For the avoidance of doubt, the virtual interfaces in the question (eth1:0, eth1:1, and so on) are not VLANs -- VLANs in Linux are not implied by this notation, and the question does not mention VLANs.

As to the basic issue of why the ping is not working, we don't know. There's nothing wrong with the configuration shown (provided those NAT-related rules in the iptables output are not on any of the relevant interfaces -- we can't tell from the output -- but they probably aren't because there was no other discussion of NAT in the question). The IPs and subnet masks the clients mentioned are ok, but otherwise the client details are not given. Perhaps the client routing details are wrong. This could be as simple as having missed either setting a default gateway, or missed creating a static route, depending on what routing configuration on the client side was intended.

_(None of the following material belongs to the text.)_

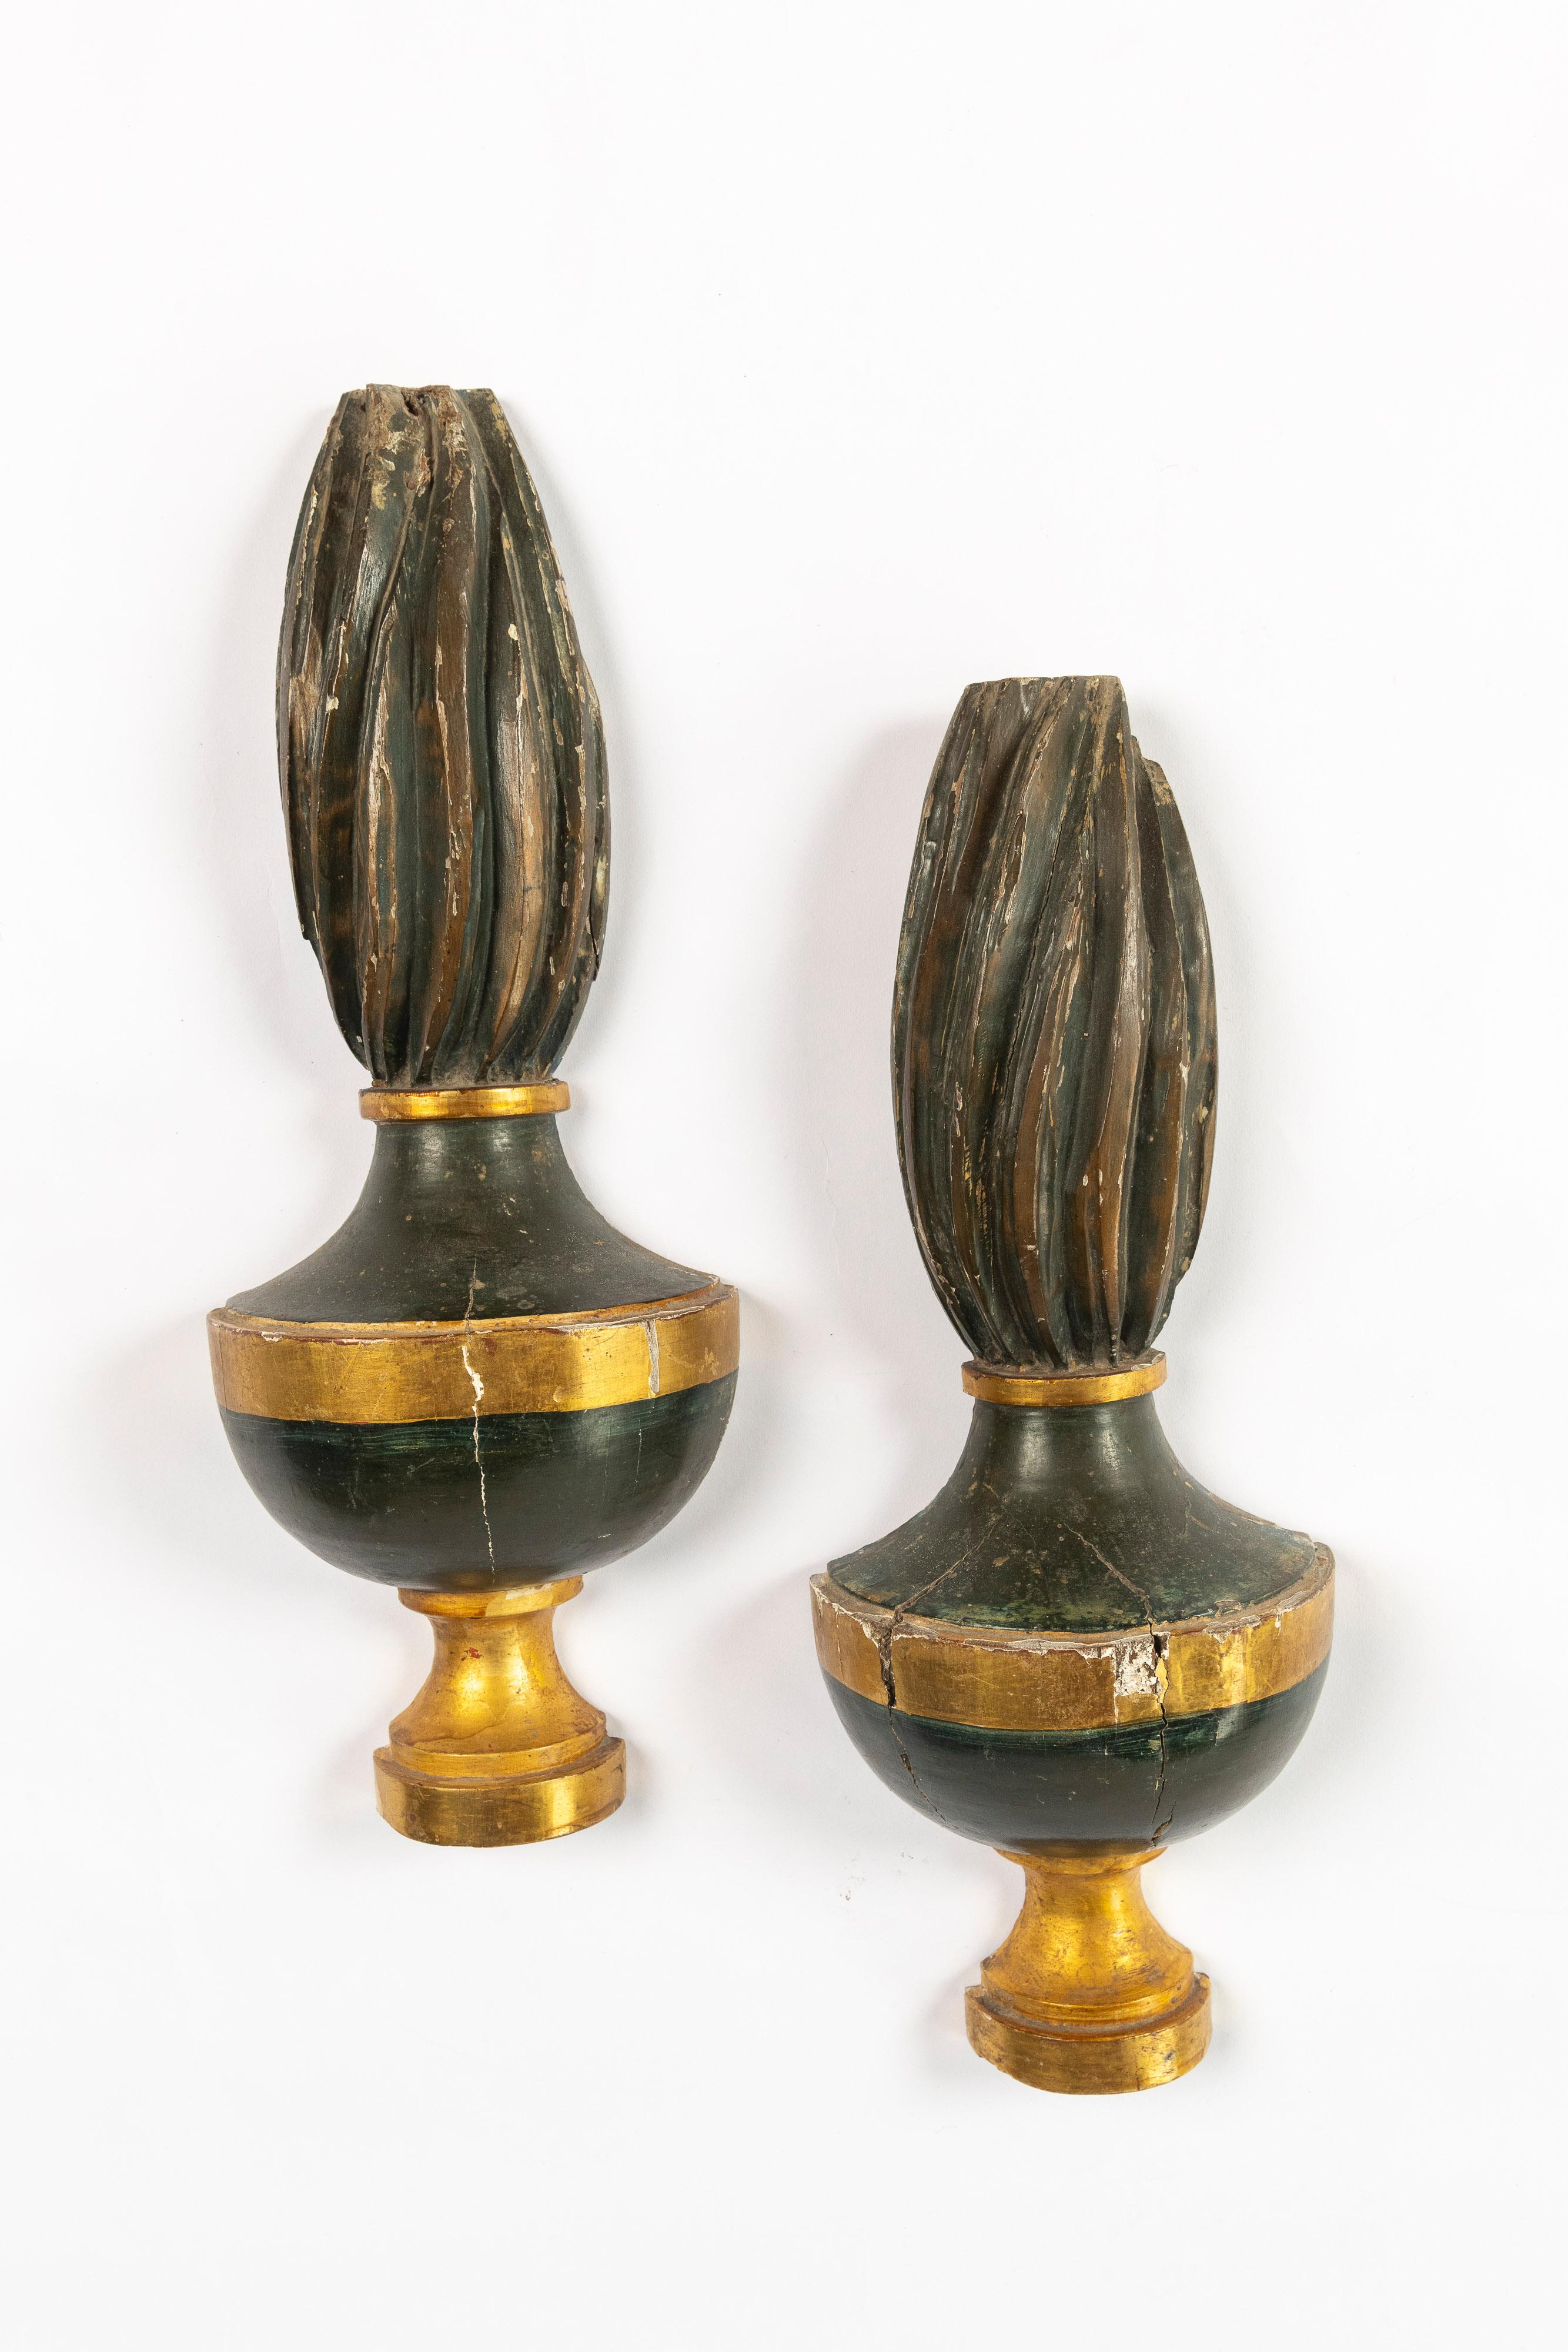 Pair of Vintage Wall Ornaments made of carved and gilded wood. Interesting accessories for a vintage home, especially in the hall or near a mantel.
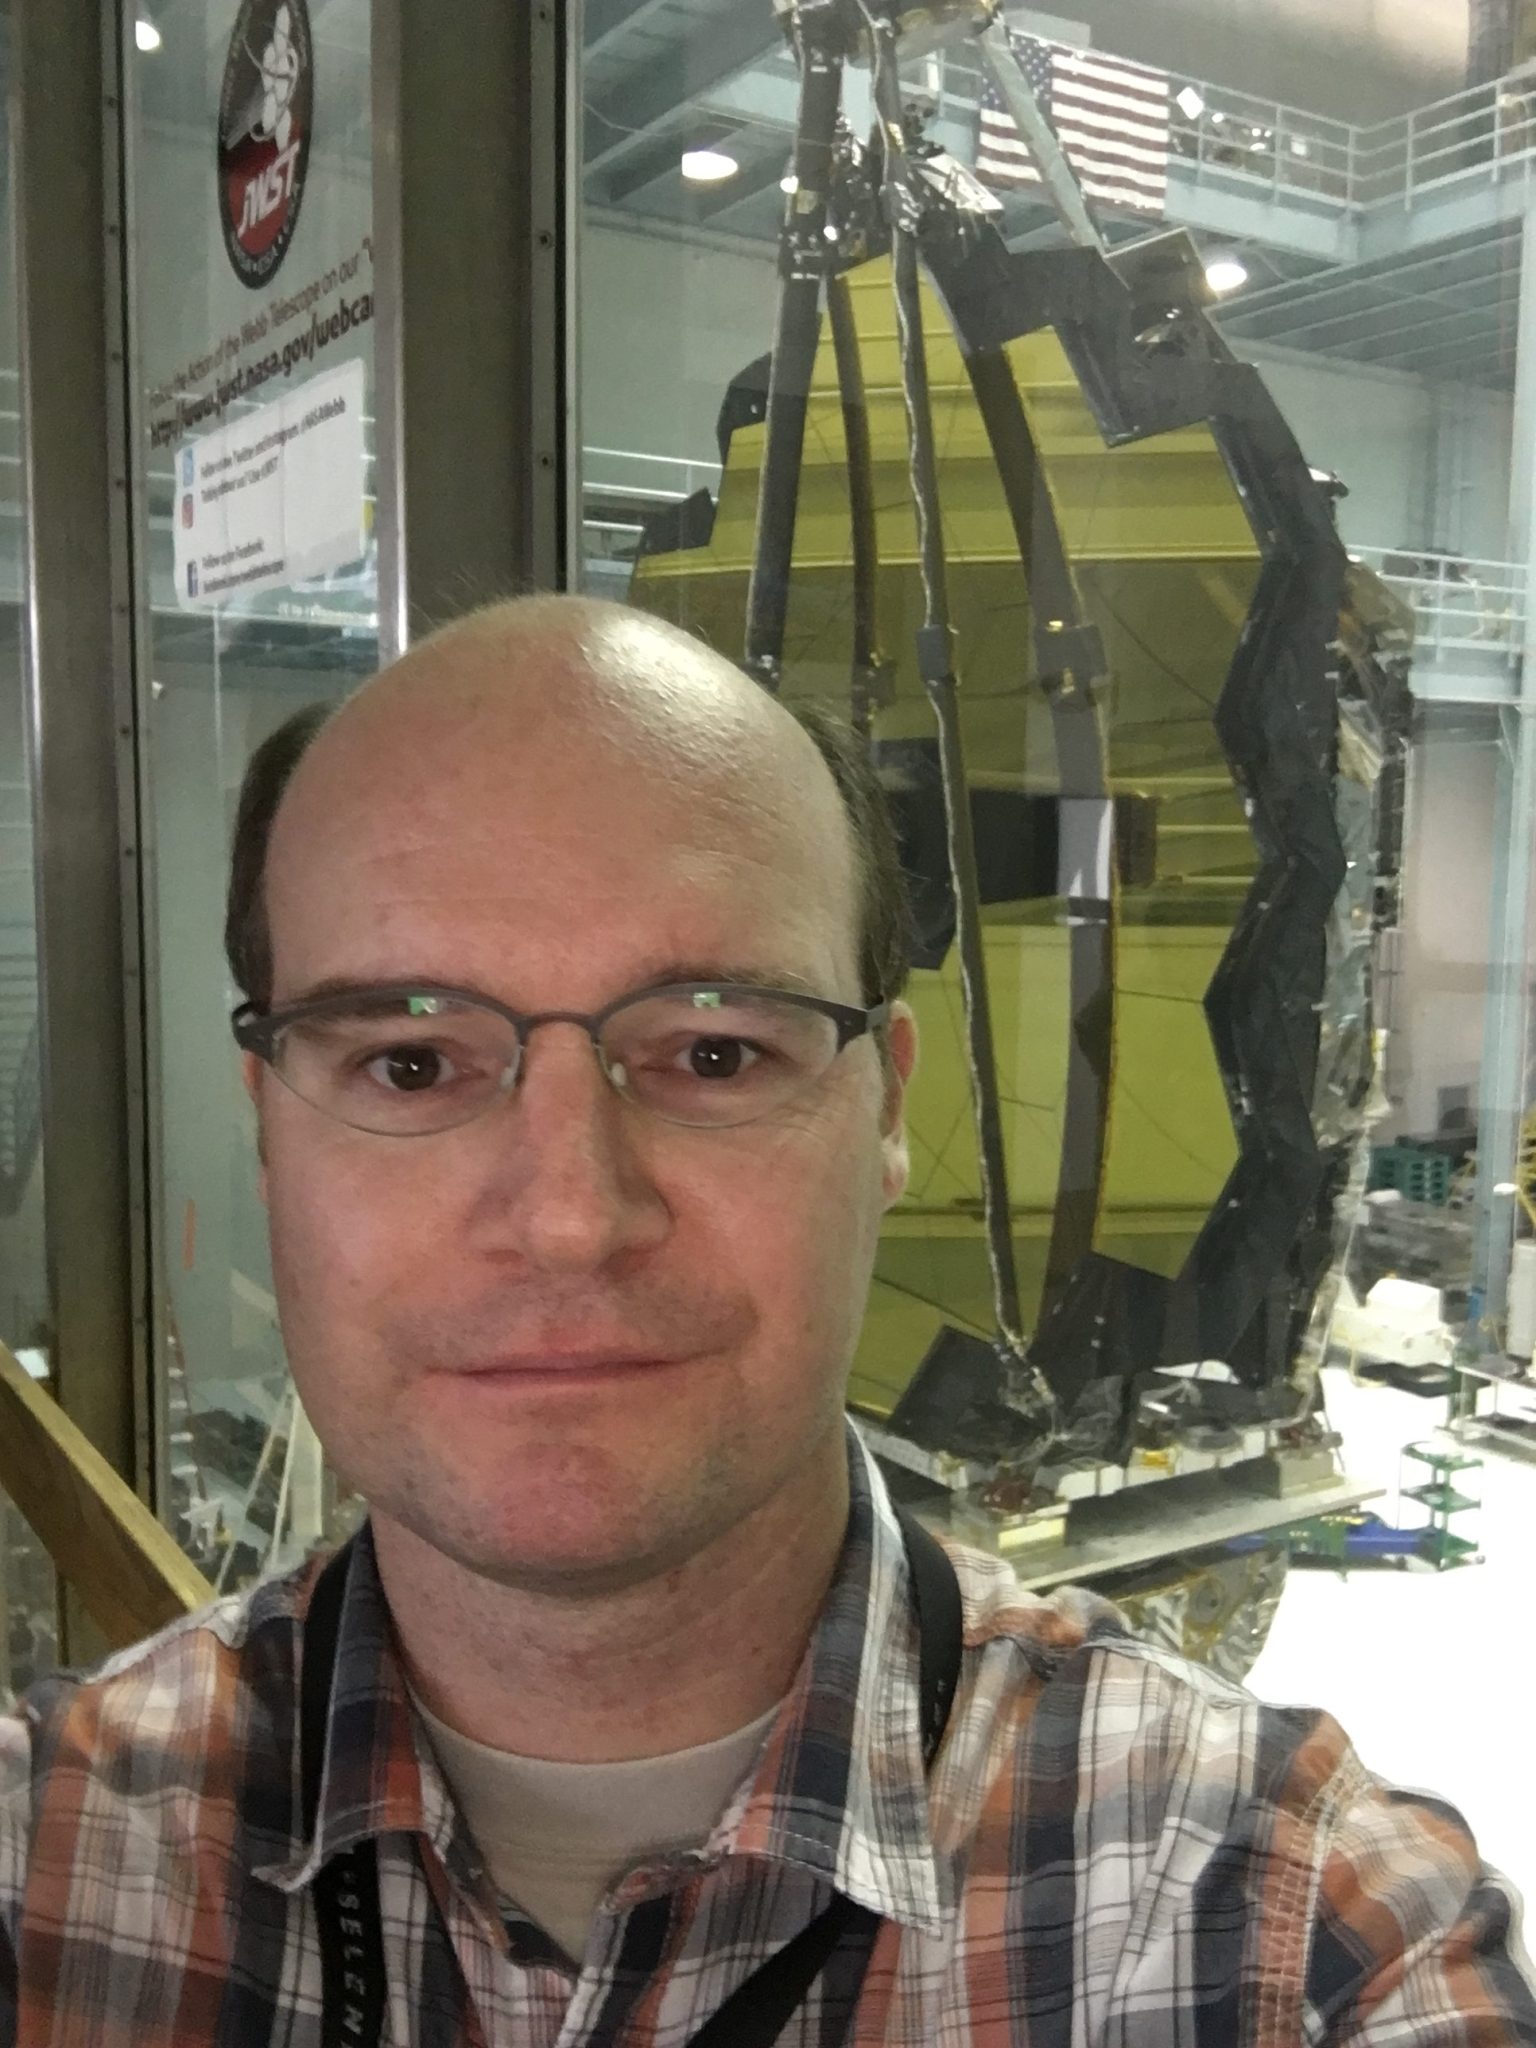 A man smiles slightly in a selfie in front of the James Webb Space Telescope's distinctive gold hexagonal mirror. He has dark hair above his hears and wears glasses an an orange, black, and white plaid shirt.

As for the ICMP redirect, it is totally normal for this situation, and is not related to the ping failure. A router sends an ICMP redirect message in addition to relaying the original packet, not instead of it -- the ICMP redirect is only an optimization in respect of future packets. Handling of the ICMP redirect is effectively optional. As for the conditions for an ICMP redirect, "there being a shorter route" is overselling the capabilities of the router a bit; the situation is actually very simple: the router is routing a packet out the same interface it came in on, so it would necessarily save one hop if whatever node passed it on to the router instead passed it directly to the next hop. In the general case this can happen when the router is routing the packet to a different gateway in the broadcast domain that it has a routing table entry for but the previous router does not. This is the trivial case where that next hop is the destination host itself because the destination host is in the broadcast domain.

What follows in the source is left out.